The longer I’ve been a part of the Straight Edge lifestyle, the more confident I’ve become. Back in the beginning when my friends would want to go out for a drink, I’d come up with an excuse because I was afraid of what they’d think. I didn’t want them to think I felt like I was better than them for their decision. I didn’t want to lose them as friends.

A New Social Path

Social life is a strange thing. When you quit doing what modern youngins consider their social life, what are you supposed to do for fun? Are you just a prude?
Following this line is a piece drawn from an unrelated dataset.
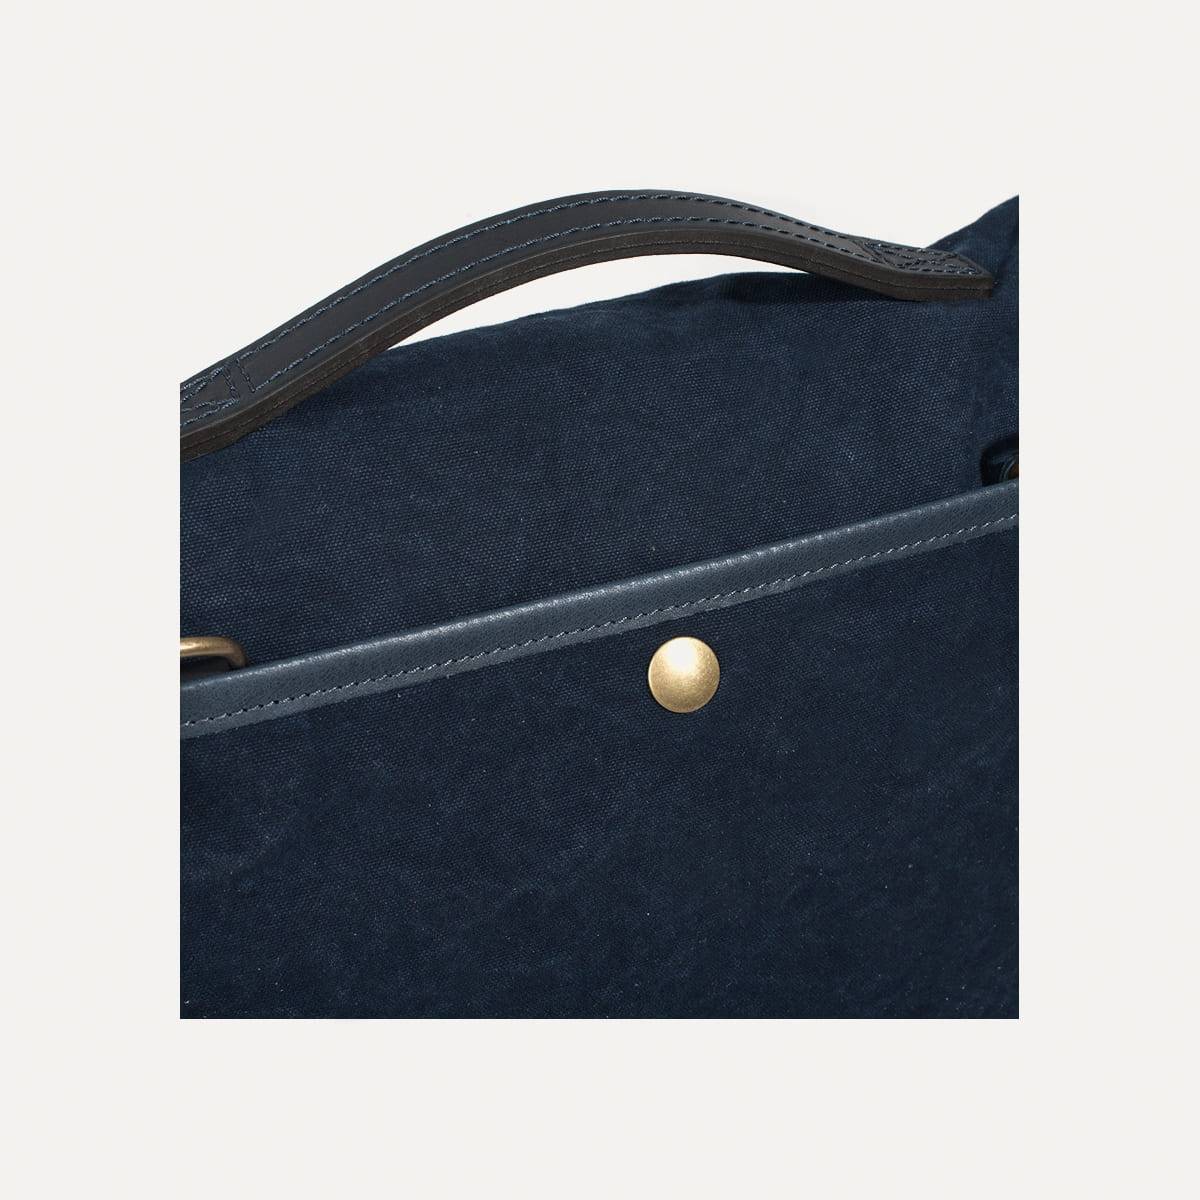 Gaston tool bag - Ecru I Messenger Bag I Made in France

These people I called friends suddenly acted like they didn’t know what to do with me. “Hey K, you wanna go out this weekend? Oh right, you don’t drink. Nevermind.” It used to get to me, like wtf y’all. I promise I’m the same goofy smartass as before, but whatever. I stopped putting my energy into these people and trying to prove to them that we could still have a good time without the booze and drugs. At one point they asked what they should order for me when we grab dinner and I run to the bathroom or come late, and that was some sort of endpoint for me with them. (When in doubt, water works just fine, friends.) John Mulaney has a bit where he talks about when he got sober his friends were the same way, never knowing what to offer. “Hey Mulaney! Here’s an old turnip we found in the cabinet, would that be good for you? My girlfriend’s NuvaRing is in the fridge, would that be good for you? I KNOW YOU DON’T DRINK!” Relatable.
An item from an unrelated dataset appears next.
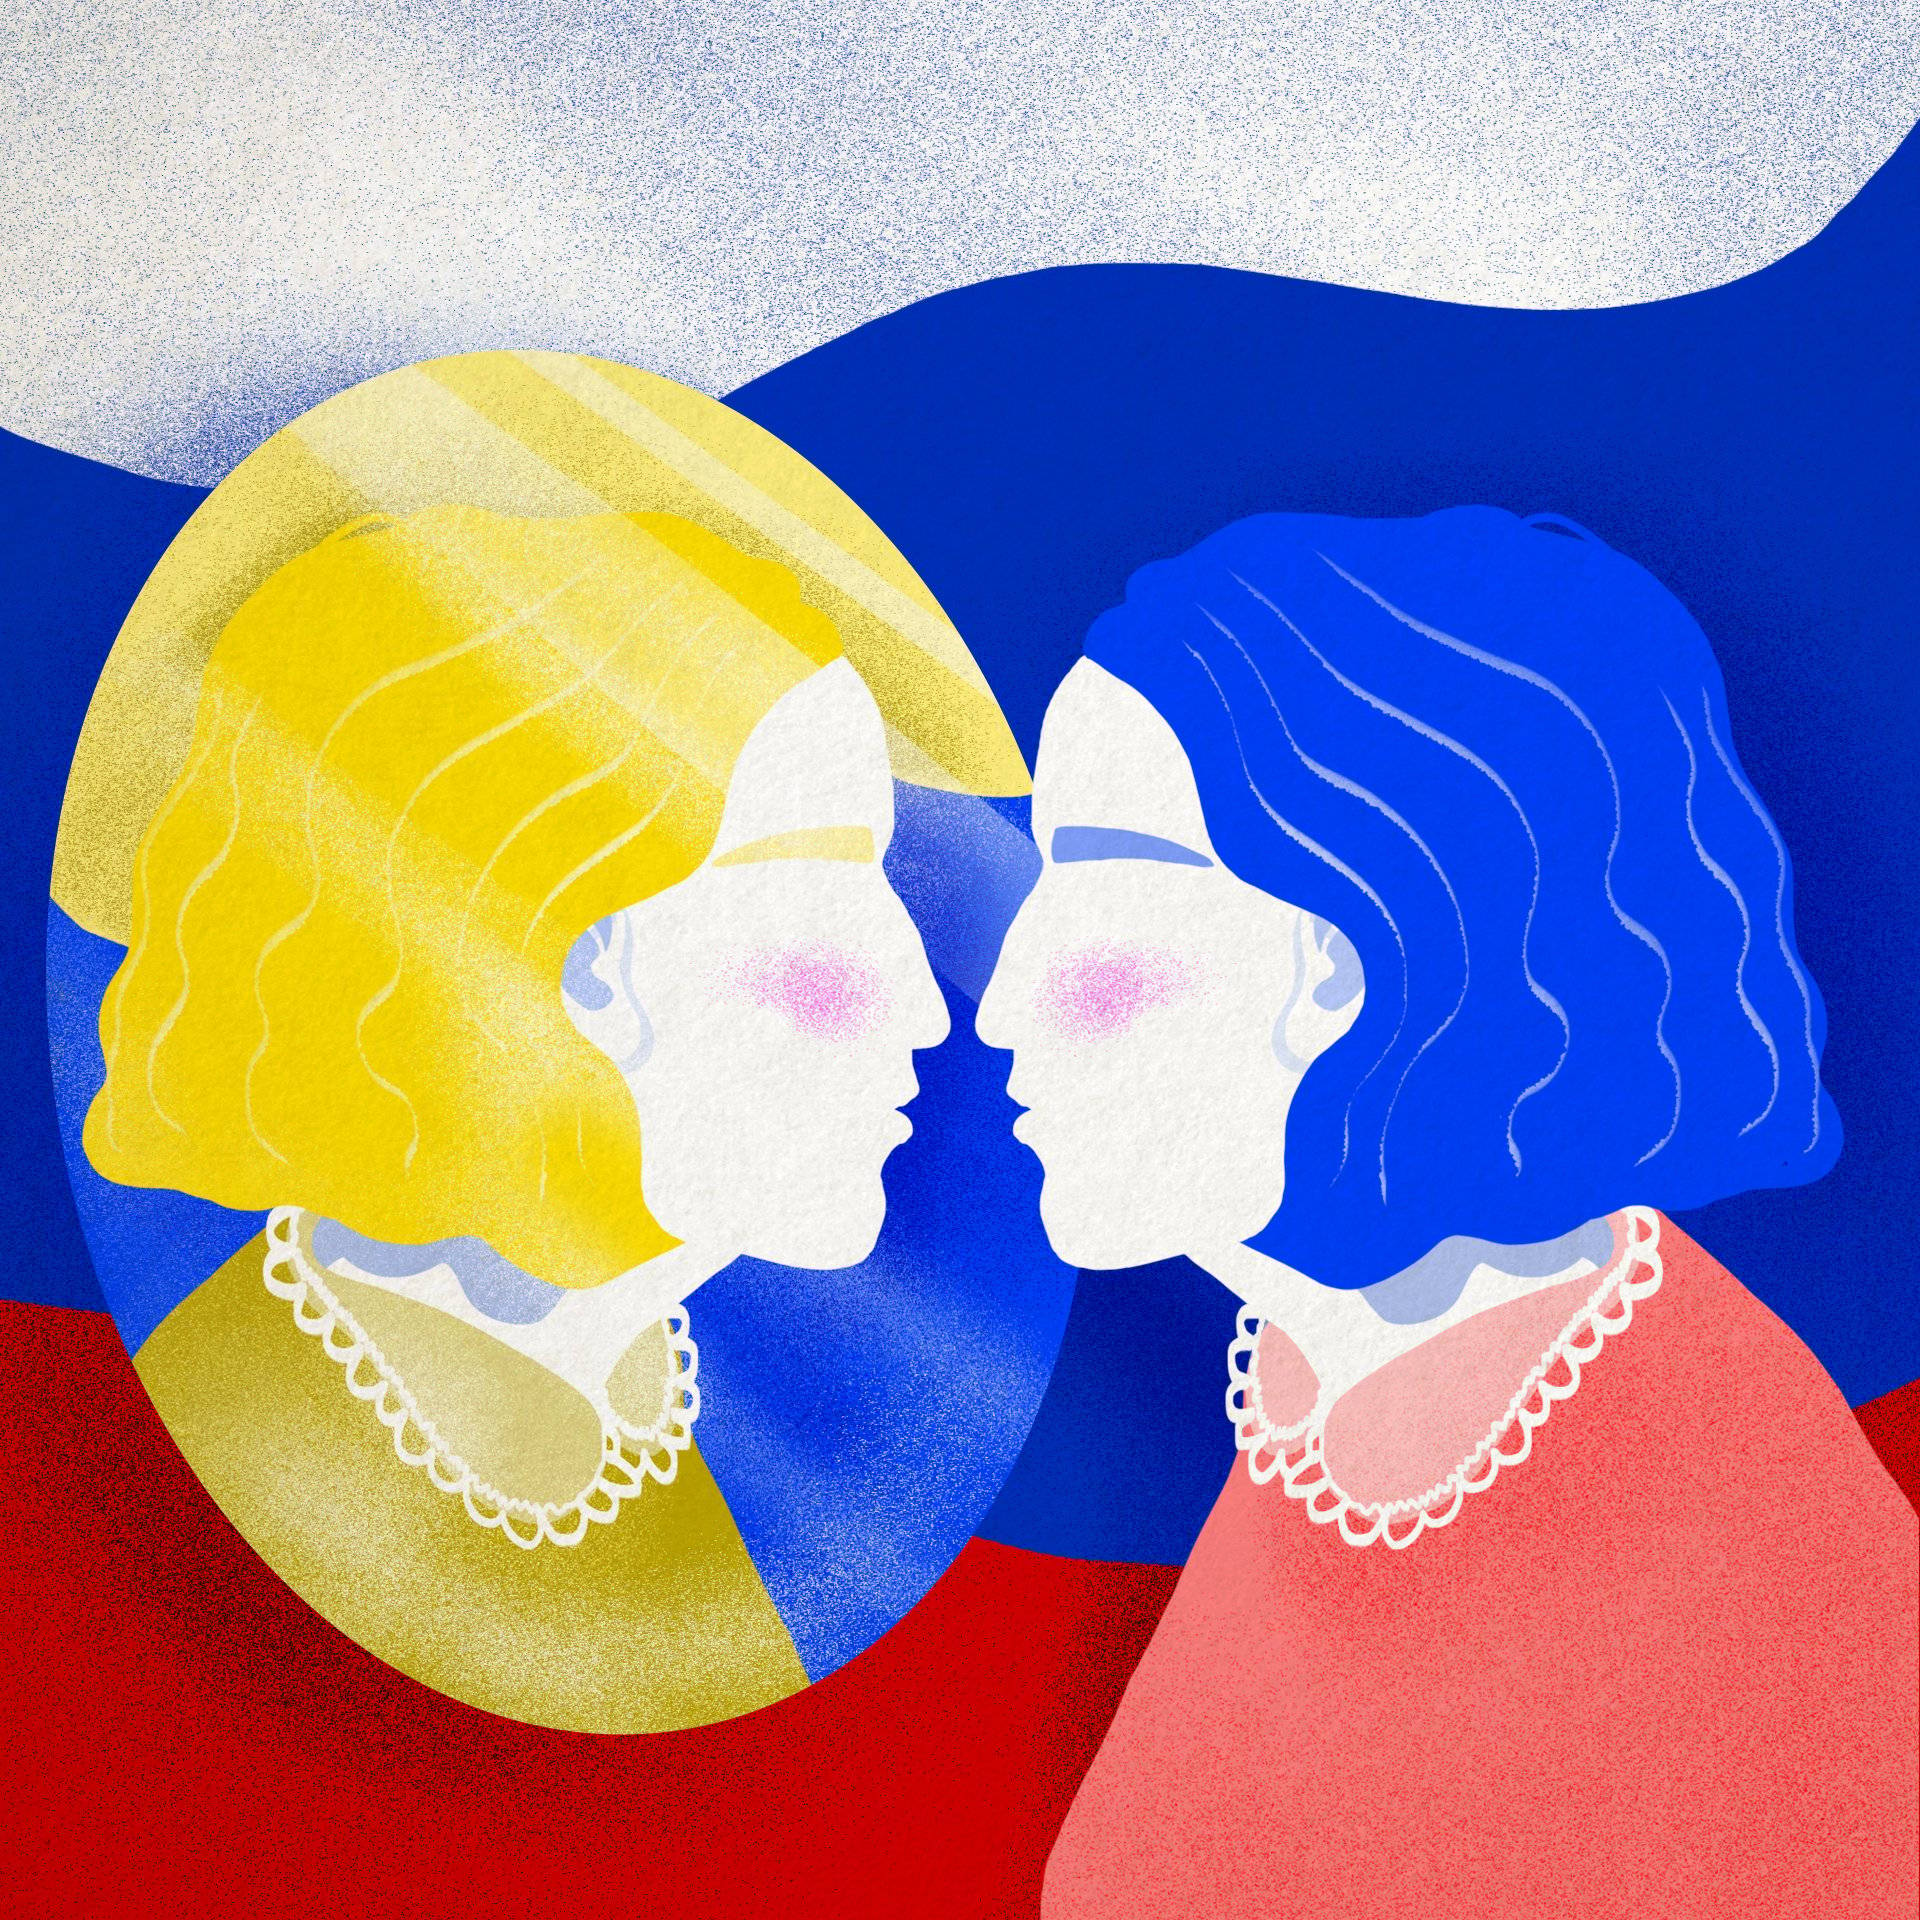 Ilustracja przedstawiająca konbietę o niebieskich włosach, która ogląda swoje odbicie w lustrze; w odbiciu kobieta ma włosy żółte. W tle widać kolory rosyjskiej flagi.

I came to realize my so-called friends didn’t want to have fun without alcohol because that’s all they know. They also didn’t want to know anything else. They were having fun spending unending amounts on whatever to get them wrecked every weekend. Nowadays I have a few local friends that identify as Straight Edge and a lot of friends who are older and over the substance lifestyle. Having these people helped me become more confident in saying, “No thanks, I don’t drink,” instead of making up an excuse. Most people you casually encounter don’t give a shit. People in your life who you want to keep around will support you even if they don’t live the same lifestyle. One of my lifelong friends goes to one of the biggest party schools in the country. Even when I visit her, she makes sure we do things that I’m cool with. She respects this life and doesn’t want to risk putting me in a compromising situation.
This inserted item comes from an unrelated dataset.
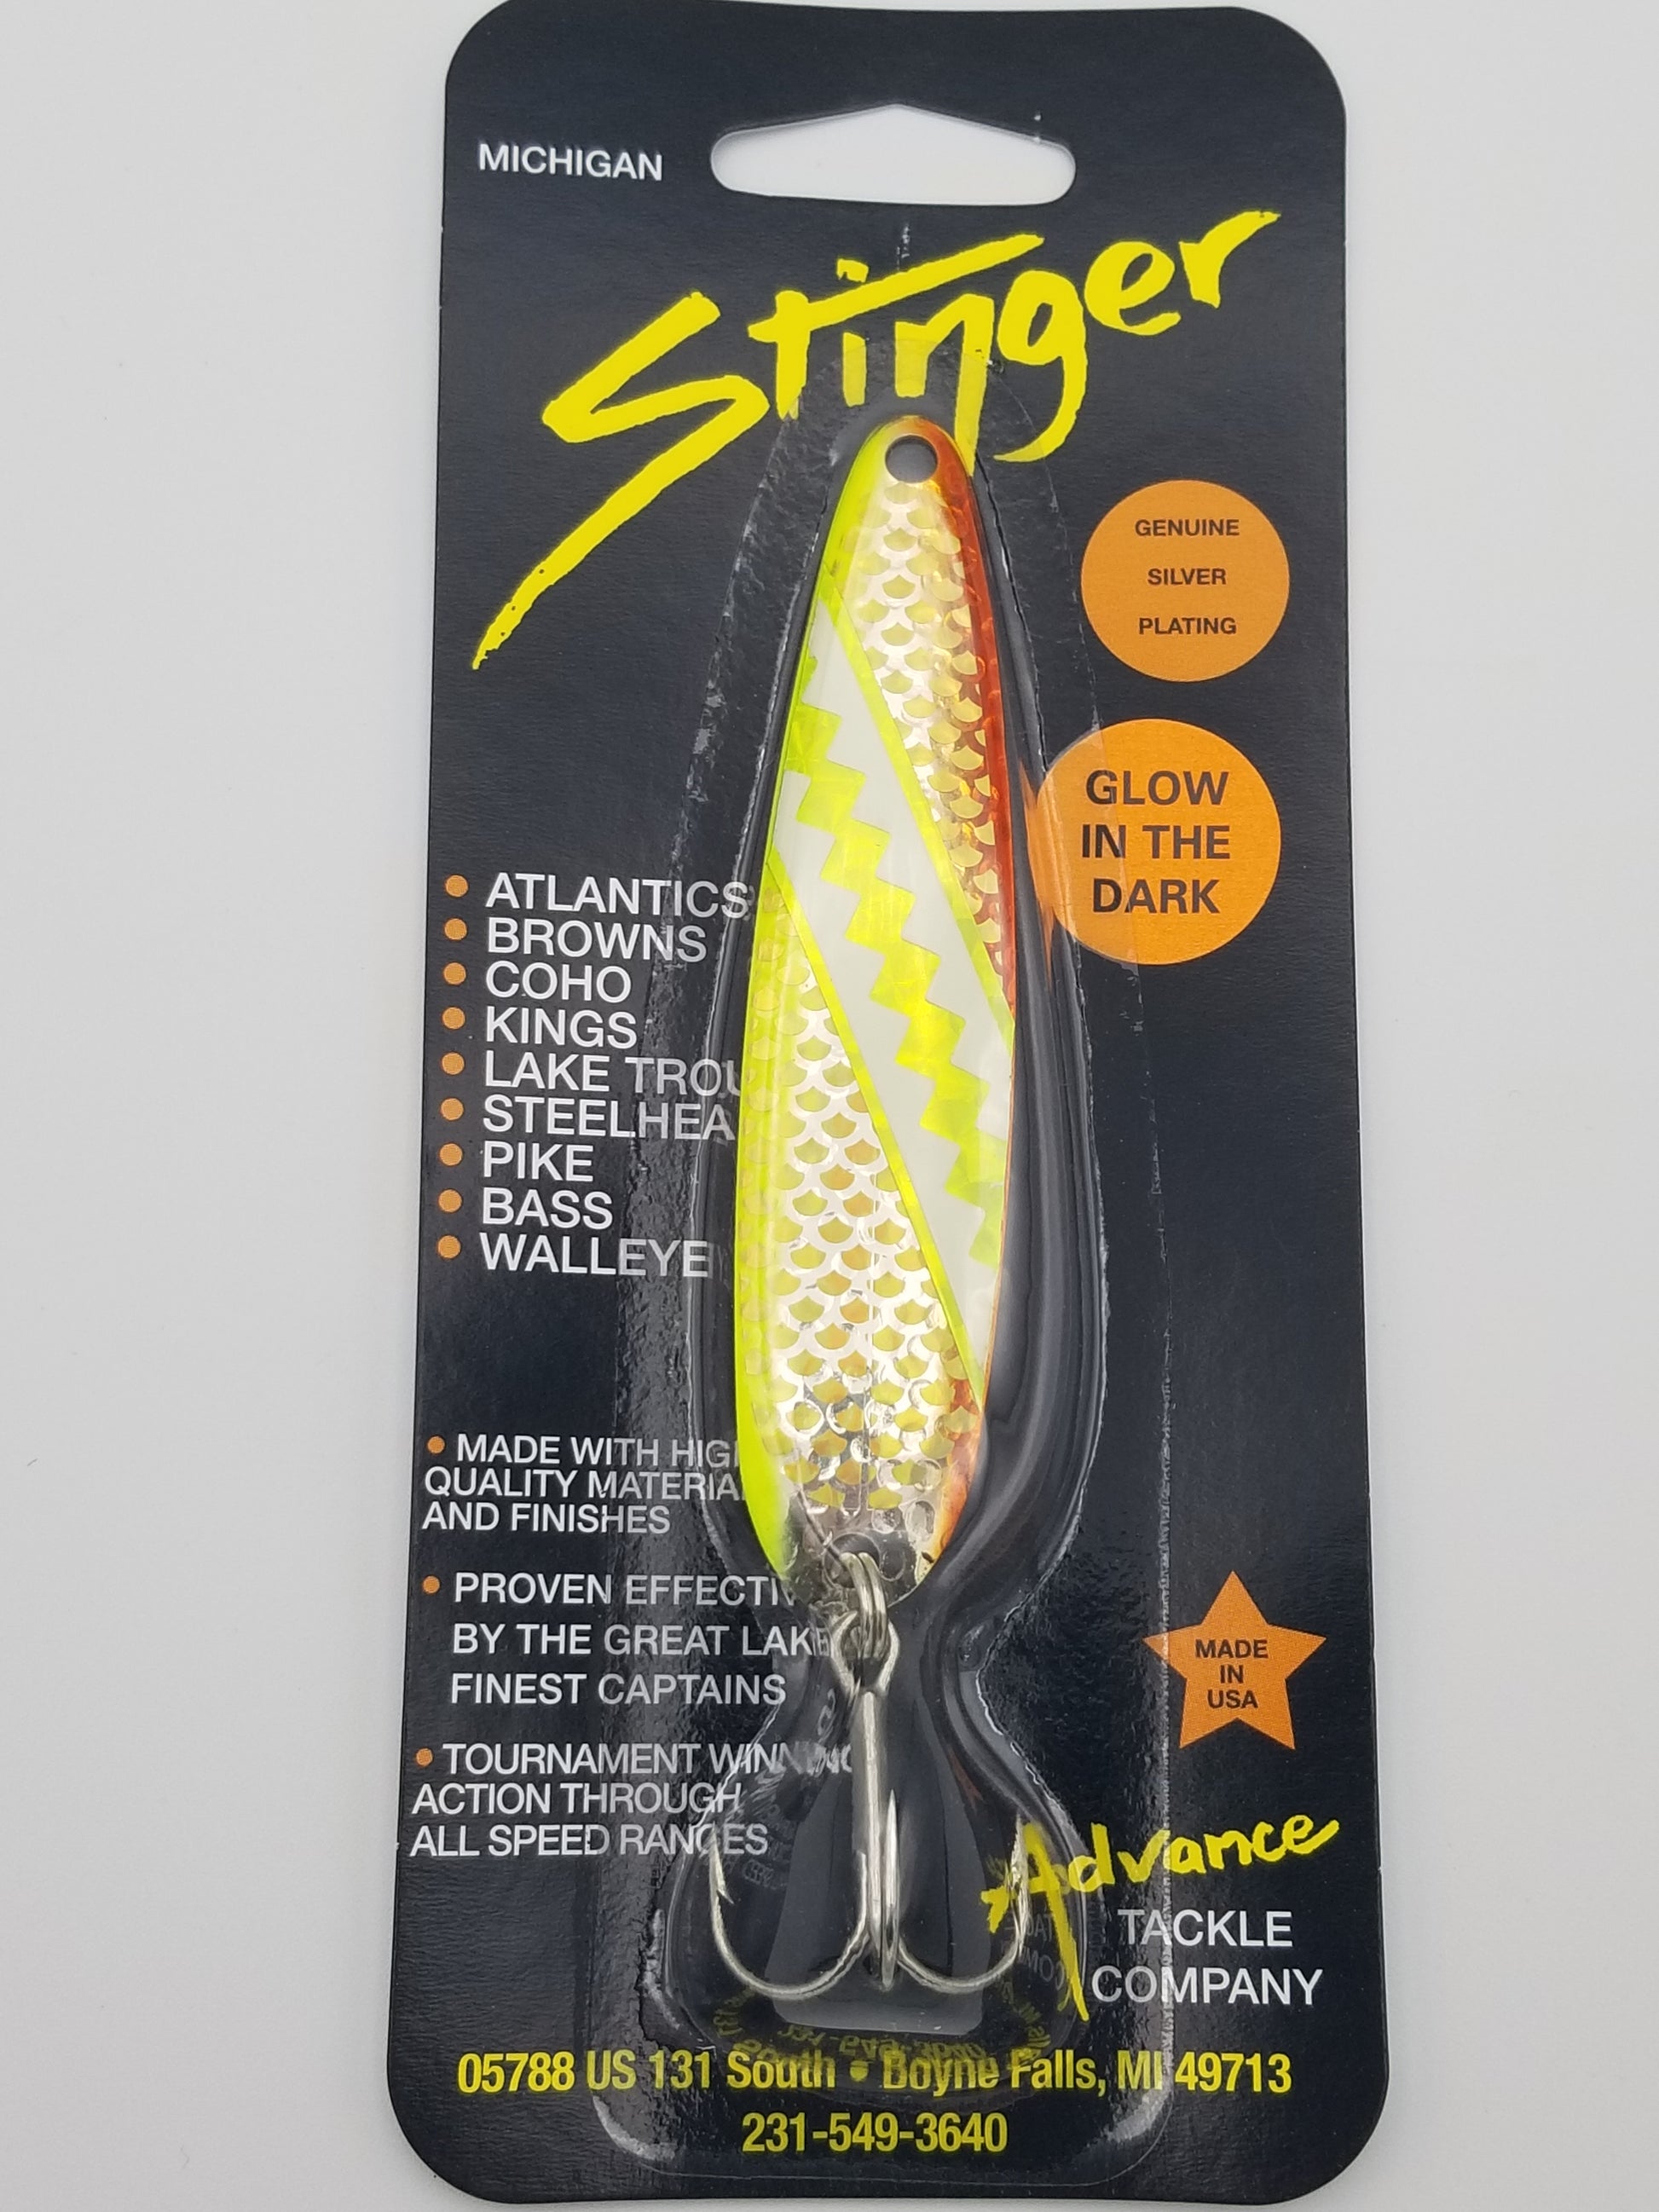 Michigan Stinger Standard Spoon: Wonderbread

Finding a New Crew and Embracing Your Lifestyle

So how do you get past the feeling of losing friends and becoming a social outcast? Find a new crew, whatever that looks like for you. I reconnected with an old coworker who wasn’t Straight Edge but enjoyed hardcore music, and we dove into the local music scene together. I started doing things, like photography, that I enjoy again. I had given these things up because I “didn’t have time,” but it was really a priority shift. Teach yourself something new you’ve always thought about. Take up art classes or a workout routine. By no means am I saying abandon your friends, but don’t feel obligated to stay around the ones who aren’t supporting your growth and lifestyle. Find you and do that unapologetically. Stay rad, Sisterhood.